The fading of the strip-club era can be seen in a five-block area along Yonge Street, near Toronto’s counterpart to Times Square, Yonge-Dundas Square. It was once dubbed Sin Strip for its neon-clad bars, sex shops, and movie theaters. Today there are about 20 development applications for condos and commercial buildings on the stretch. Club owners say the client mix has changed, even since the ’90s, with more women who come in groups or with partners. The traditional visitors remain: financial sector workers bringing clients or friends, mostly male, after a game. Cooper’s Zanzibar, with its three-story flashing signs, is one of the last remnants. The adult theater and a sex shop next door called it quits long ago.

Farther north, an entire city block is a construction site as two condo towers and some retail space replace a strip of colorful and creaky buildings that once offered body piercing and pole-dancing shoes. “We target a very specific market, mostly men. We’re not a shopping destination, so more people doesn’t mean a lot more business,” says Bill Greer, general manager and three-decade veteran of the Brass Rail Tavern, a two-story club in the area. “I don’t think we’ll be around in 10 years’ time.” Just outside the Brass Rail’s doors, a 75-story residential tower opened this year on a piece of land that cost C$53 million. An 80-story luxury tower is under construction following a C$225 million deal for less than 1 acre, according to data from Altus.

Adult-entertainment sites in Toronto have made way for a luxury townhouse complex, churches, a Sikh temple, a mosque, charities, and a furniture store visited by one of the Property Brothers of reality-TV fame. One midtown club, Cheaters Tavern, was renamed Mystique Lounge, then became a liquor store, and then a Kitchen Stuff Plus.

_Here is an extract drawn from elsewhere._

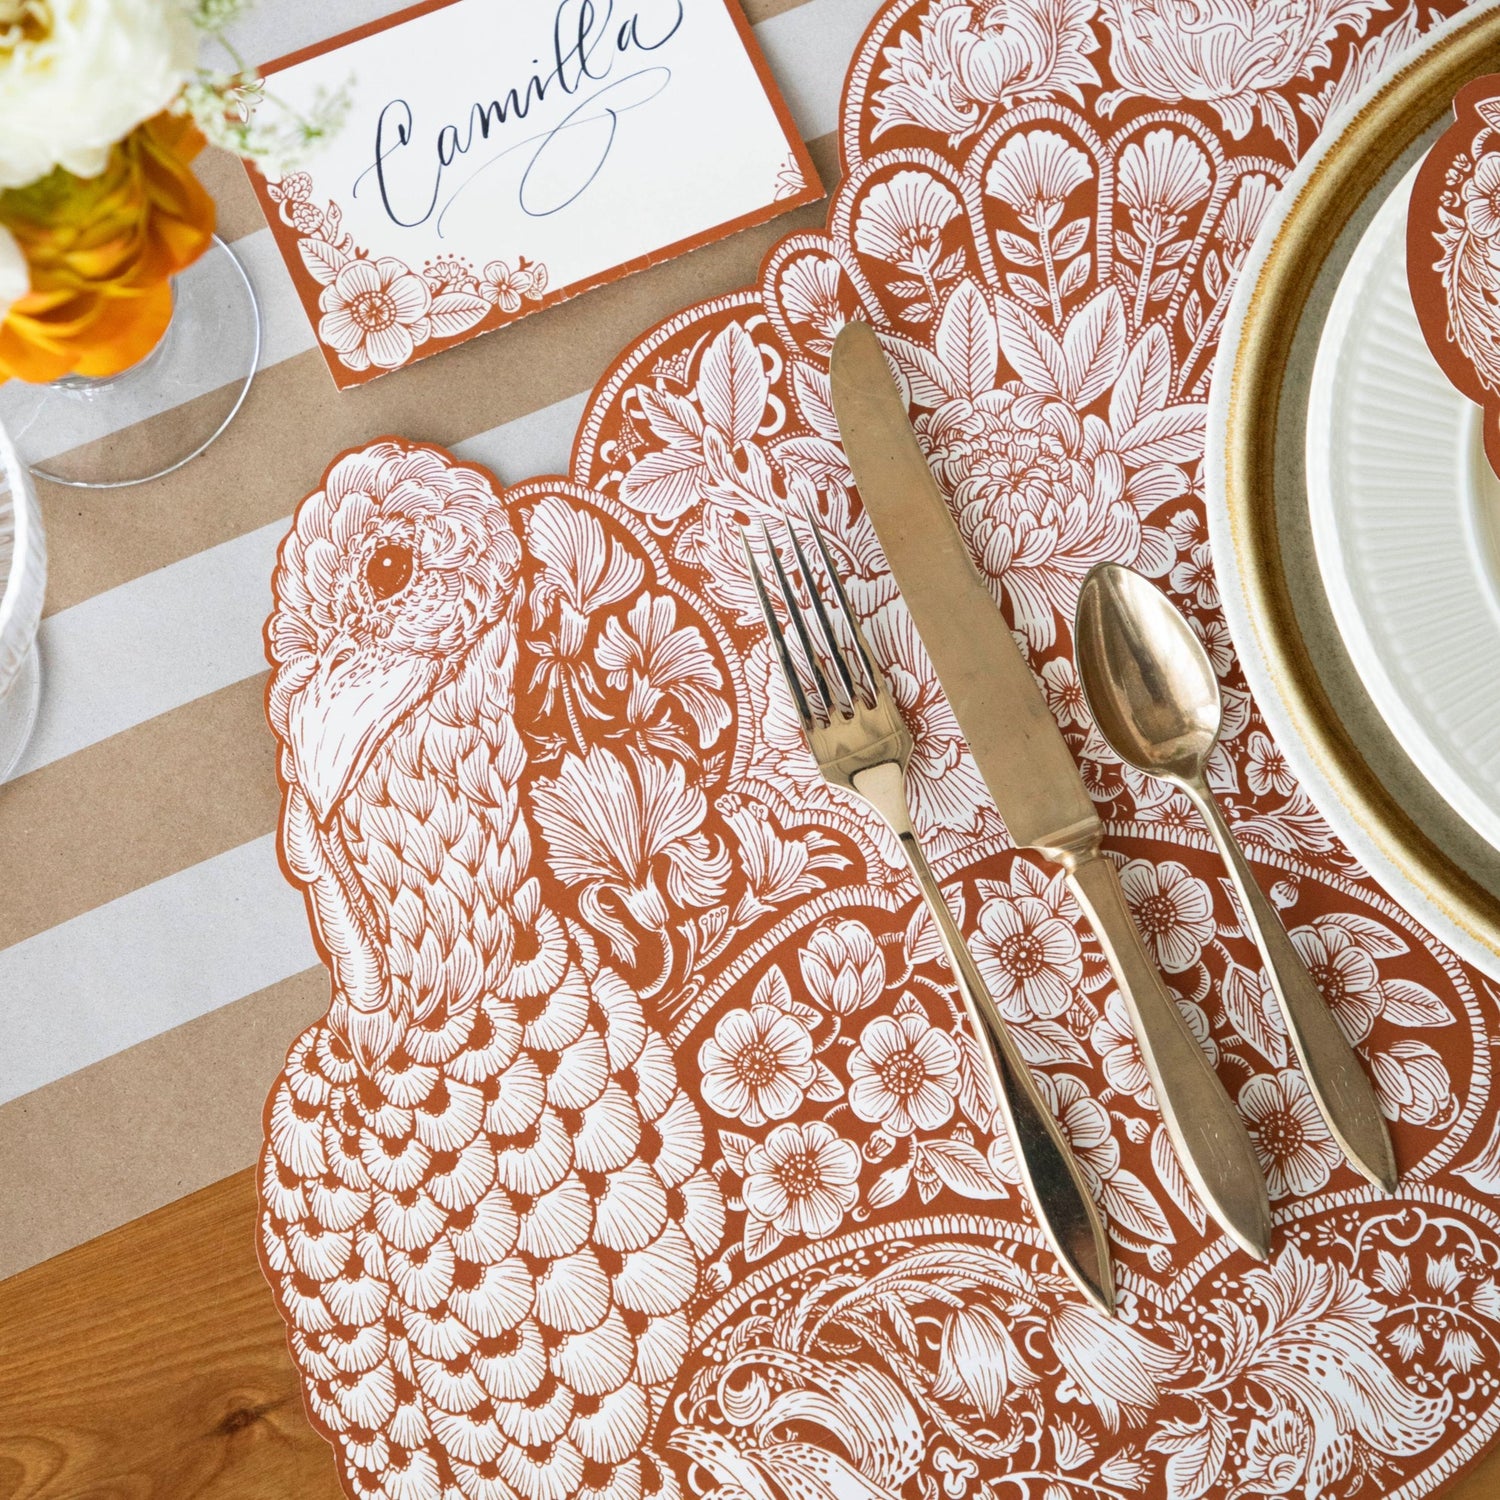 Close-up of the Die-cut Harvest Turkey Placemat under an elegant Thanksgiving place setting, showing the detailed artwork.

Some owners say they aren’t going anywhere. “What am I going to do, sit at home and die?” asks Spiro Koumoudouros, owner of House of Lancaster. Koumoudouros sold his other strip club recently, three decades after a successful legal campaign he and his brother waged to allow fully nude dancers. Others, like Cooper, are willing to sell at the right price. The owner of Filmores Gentleman’s Club, who is also a real estate investor, is open to proposals. And Caddy’s, in the city’s east end, is part of a land deal being marketed now. Toronto’s dirty dozen may soon be whittled down to two or three.

BOTTOM LINE - Toronto’s infamous strip clubs sit on lots now coveted by the developers of luxury townhouses and furniture stores.